Marriage customs are very interesting across cultures. For example, among the Chagga people who live around Mount Kilimanjaro, in Tanzania, the bride is actually “stolen” at night by the bridegroom helped by his age mates. Usually, the girls would sleep in one hut, which is often the hut of the mother with the goats and sheep not far from them. The boy has to break into the right hut in the middle of the night and take the right girl – with whom he has previously agreed. If the boy touches a wrong person, he will have to pay a fine in addition to the bride-price that he will have to pay to the father of his bride.

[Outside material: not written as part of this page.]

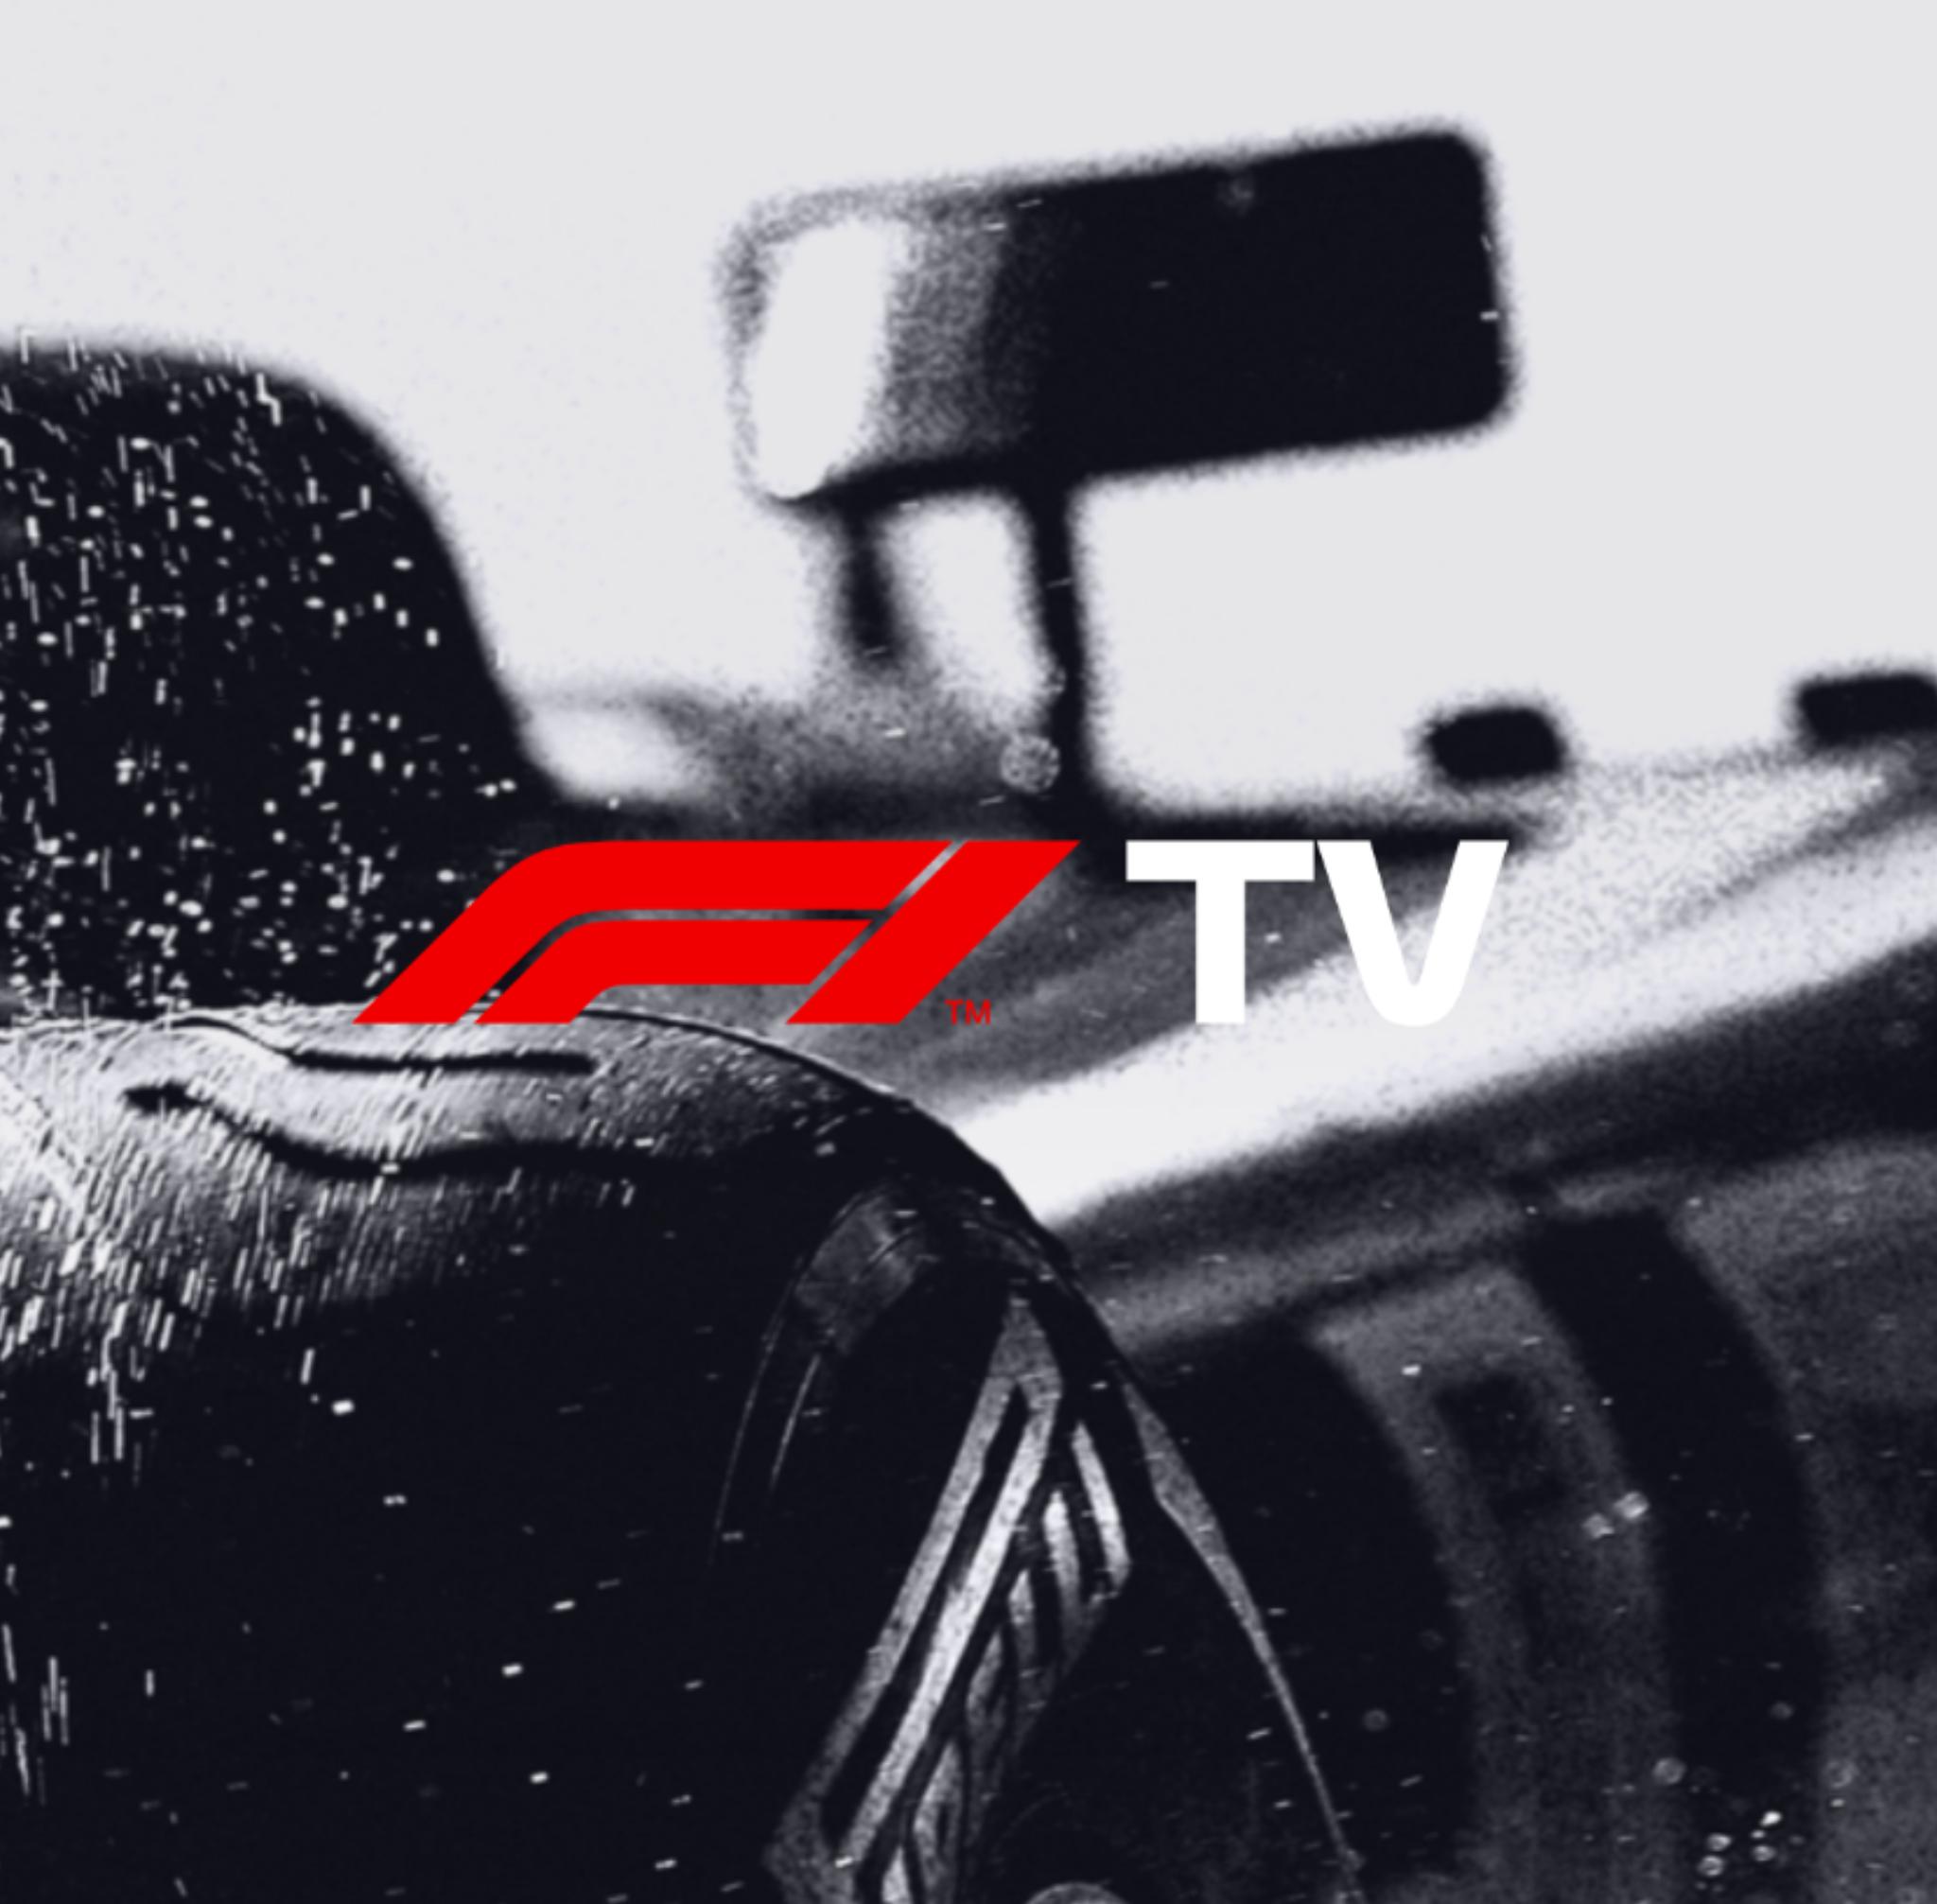 F1TV Pro - Jahresabo -50%

Similarly, the custom that Jesus is using as his base goes this way: The bride would wait with her maids for the coming of the bridegroom. Normally he would arrive accompanied by his own companions, at dusk, soon after sun set, and take the bride to his own home accompanied by her entourage of her friends and relatives and then the wedding celebration would begin. The twist to the story in the parable of Mt 25 is that the bridegroom was late in arriving; he came only at midnight (Mt 25:6). And this was what caught the bridesmaids by surprise. When overtaken by life-events it is the wise who survive! When things don’t go as planned we fall back to our default mode of functioning. It is here that our previous choices and habits come into play. In a sense, when caught unawares, our authentic self is tested.
What could this mean in the large scheme of the Gospels and the mission of Jesus?
Our God is a God of surprises. Having oil for the lamps is the human willingness to await the grace of God, to be surprised by Him. Of course individuals have to make their own choice of free will – by building appropriate virtues and strengths. Others cannot give them the oil, though they could offer an indication of where to find the oil (Mt 25:9). Expecting to receive oil from others in the last minute is like wanting others to love God instead of me. We are ultimately responsible for our own personal choices.
Again, words are not enough. “Lord, Lord, open to us” does not seem to work (Mt 25:11; also Mt 7:21-23). It is the heart that matters. Do I really want to respond meaningfully to that deep desire in my heart for God? What choices am I making towards building strengths to be open to the God of surprises, so that the thirst of my soul may be fulfilled?